This book presents a comprehensive legal and constitutional study of emergency powers from a comparative common law perspective. It is one of very few comparative studies on three jurisdictions and arguably the first one to explore in detail various emergency powers, statutory and common law, constitutional and statutory law, martial law and military acting-in-aid of civil authority, wartime and peacetime invocations, and several related and vital themes like judicial review of emergency powers (existence, scope and degree). The three jurisdictions compared here are: the pure implied common law model (employed by the UK), implied constitutional model (employed by the USA) and the explicit constitutional model (employed by India). The book’s content has important implications, as these three jurisdictions collectively cover the largest population within the common law world, and also provide maximum representative diversity. The book covers the various positions on external emergencies as opposed to internal emergencies, economic/financial emergencies, and emergent inroads being made into state autonomy by the central or federal governments, through use of powers like Article 356 of the Indian Constitution.

By providing a detailed examination of the law and practice of emergency powers, the book shares a wealth of valuable insights. Specific sub-chapters address questions like – what is the true meaning of ‘martial law’; who can invoke ‘martial law’; when can it be invoked and suspended; what happens when the military is called in to aid civilian authorities; can martial law be deemed to exist or coexist when this happens; what are the limits on state powers when an economic emergency is declared; and, above all, can, and if so, when and how should courts judicially review emergency powers? These and several other questions are asked and answered in this study. Though several checks and constraints have been devised regarding the scope and extent of ‘emergency powers,’ these powers are still prone to misuse, as all vast powers are. A study of the legal propositions on this subject, especially from a comparative perspective, is valuable for any body politic that aspires to practice democracy, while also allowing constitutionally controlled aberrations to protect that democracy.


Reviews

“Discerning readers will find the book’s combination of academic rigour, practical insight and considerable forthrightness worthy of commendation.” (The Commonwealth Lawyer, Vol. 31 (1), April, 2021)

“Two particular challenges have faced those who, in the course of millennia, have sought to organise the good life in society. A human society is constructed on the basis of its collective consciousness but also on the basis of a constantly evolving legal system. Who is to have the last word on the interpretation and application of the law? How can a legal system respond to events that may challenge its very existence? In conventional modern discourse, these have come to be called the problem of the independence of the judiciary and the problem of emergency powers. It may be that these two problems have never before been present as acutely and as widely as they are in our present troubled world. It is a rare thing to be able to respond to them with high scholarship and historical erudition, but also with a lively sense of the profound practical consequences of the answers that you offer. This book could not be needed more, or more urgently, than it is at the present time.”
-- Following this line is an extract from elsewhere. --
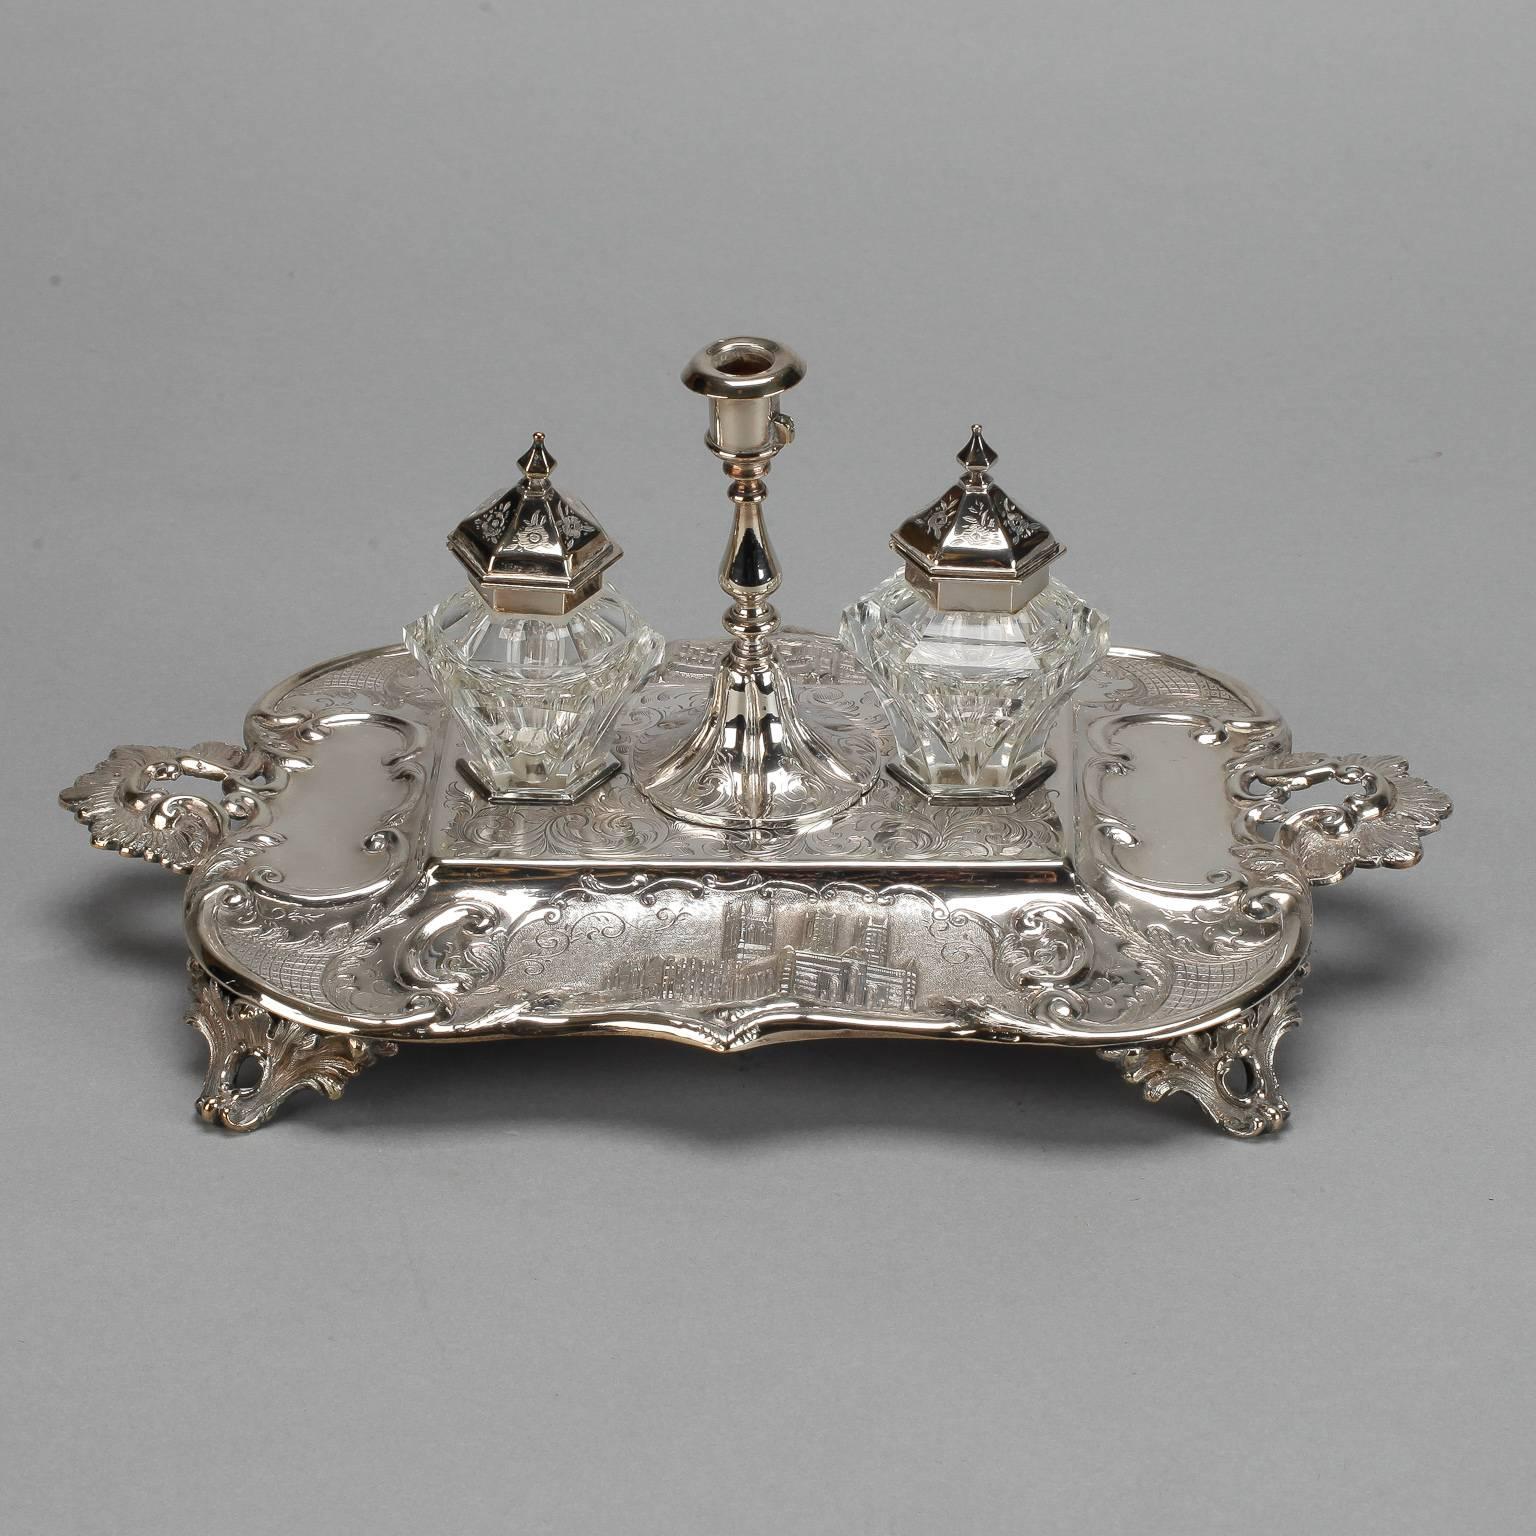 Found in England, this silver plated ink well set includes a silver plated tray with decorative handles and feet, two clear cut glass inkwells with silver plated tops and a coordinating silver plate candlestick. Sold and priced as a four piece set.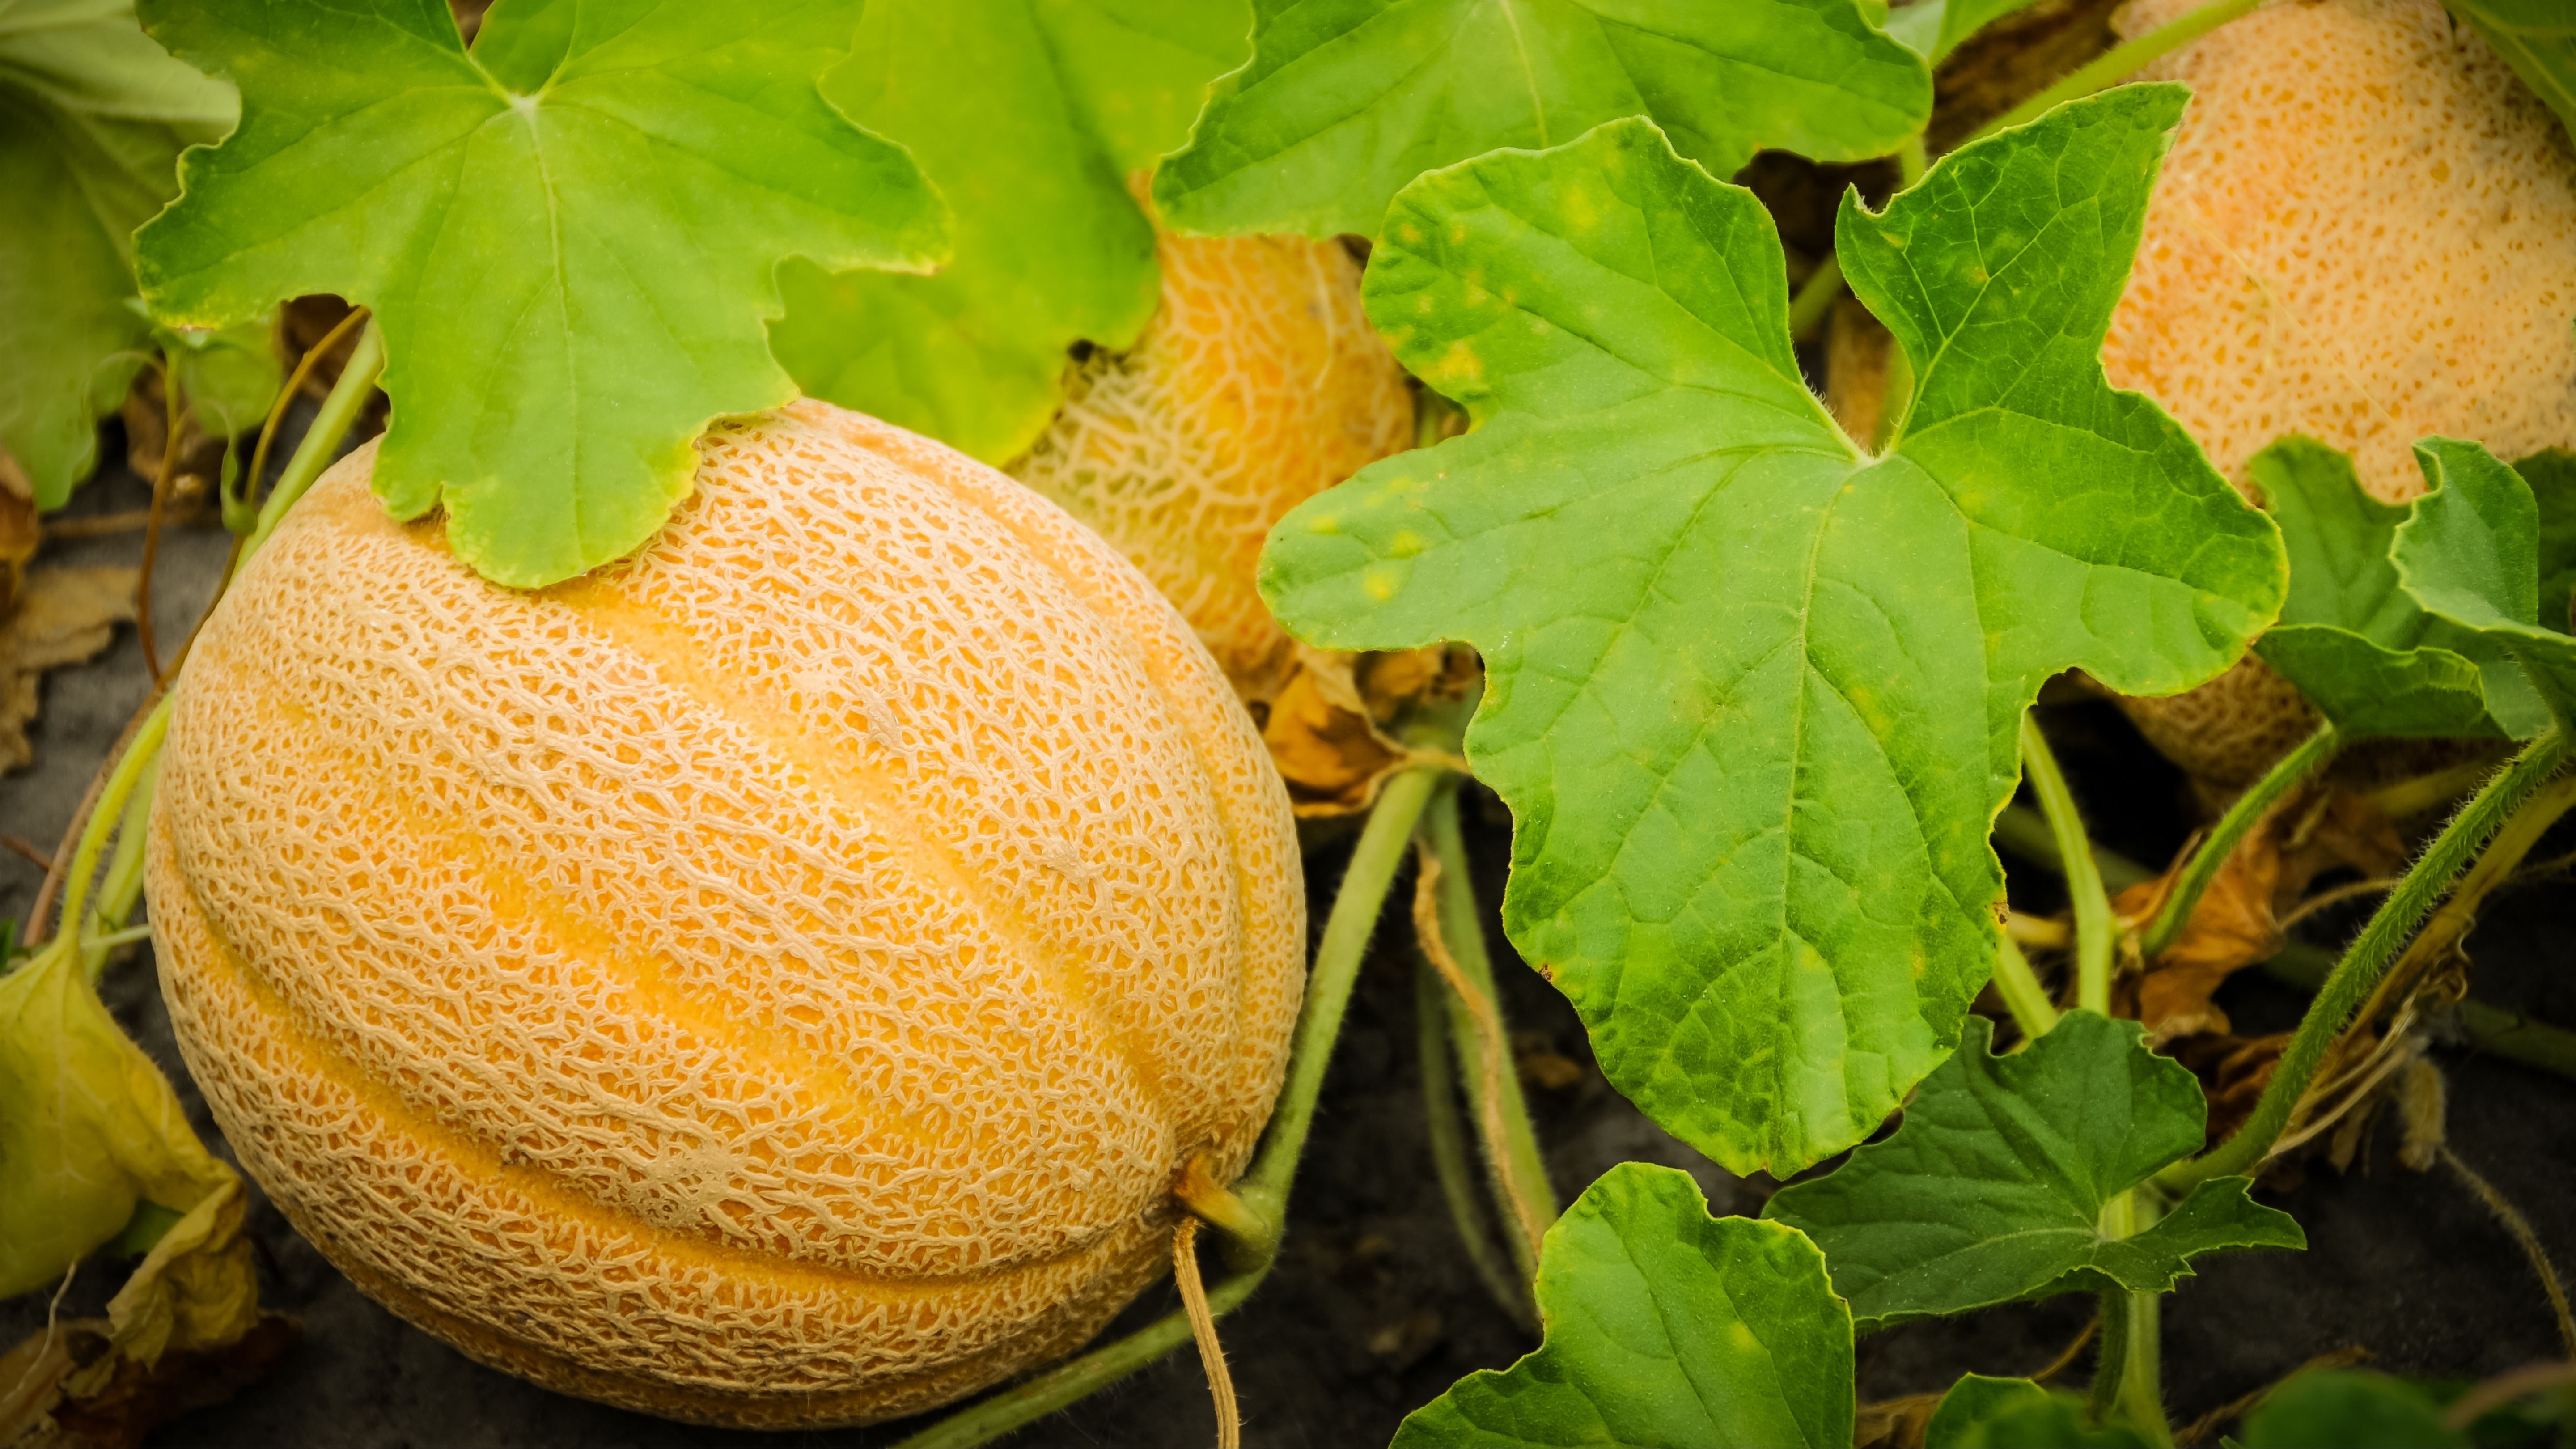 Overview of Cantaloupe Pests

- Professor Philip Allott, Professor Emeritus of International Public Law, Cambridge University, UK; Fellow, British Academy

“This work by Dr. Abhishek Manu Sanghvi and Professor Khagesh Gautam, inspired and supported every way by Vice Chancellor Professor C. Raj Kumar, offers a provocative treatise on emergency powers in the Constitution of India. It bristles with comprehensive historical narratives and contemporary insights and helps us better understand the location and the vocation of authoritarian power to sustain as well as destroy the letter and the spirit of a living constitutionalism. The analysis at every phase is analytically cogent and juristically conscientious. The treatise also shows how the power of analysis can deflate varied forms of populist authoritarianism. There is no doubt that this only full-length treatise on Indian emergency power and process will be hailed and held as a contemporary classic on constitutionalism.”

- Professor(Dr). Upendra Baxi, Professor of Law, Jindal Global Law School, O.P. Jindal Global University, Sonipat, India; Emeritus Professor of Law,University of Warwick, Coventry, U.K.; Former Vice Chancellor, University of Delhi, India

“In the ‘Law of Emergency Powers’, Dr. Abhishek Manu Singhvi and Professor Khagesh Gautam, provide a timely and rigorous comparative analysis of emergency law in India, the United States, and the United Kingdom. In response to COVID-19, governments around the world have used their powers to declare emergency and abrogate civil liberties and human rights. This book engages with important questions that will be asked for many decades after the pandemic ends—when is it appropriate for governments to utilize their emergency powers, how can we determine if the government has overstepped its powers, and who determines when the extraordinary circumstances have changed? Anyone who cares about these questions should read this book.”

- Professor Sital Kalantry, Clinical Professor of Law & Faculty Director, Cornell India Law Center, Cornell Law School, USA

“This work provides the first comprehensive analysis, supported by rigorous research and intellectual discipline,of concepts in emergency law that have not been addressed in this manner before in India. Many questions, heretofore unanswered and urgently needing an answer, have been addressed and in my opinion have been laid to rest in this work of unparalleled scholarship.”

- Justice R.C. Lahoti, former Chief Justice of India

“Emergency provisions in any democratic constitution is antithesis to constitutionally guaranteed rights and institutional checks and balances but they are necessary in times of extraordinary urgent situations and public emergencies. The problem arises when emergency provisions are used not as a reasonable response to genuine emergencies but to concentrate power in the hands of an individual. The edifice of this book—The Law of Emergency Powers—rests on the work prepared as PhD thesis by Dr. Abhishek Manu Singhvi few decades back. The most interesting aspect of this book is that a comparative study of Emergency Powers has been carried out of three democracies, one of which has no written constitution (U.K.), the other mentions Emergency Provisions in Part XVIII of the world’s longest constitution (India). The discussion on the topics such as ‘Can Martial Law be Proclaimed Under Article 34’ and ‘President’s Rule: A Sui Generis Emergency Power’ is thought provoking. Everyone serious about the emergency provisions prevalent in India and U.S.A—the two biggest democracies in the world—and U.K. needs to read this book.”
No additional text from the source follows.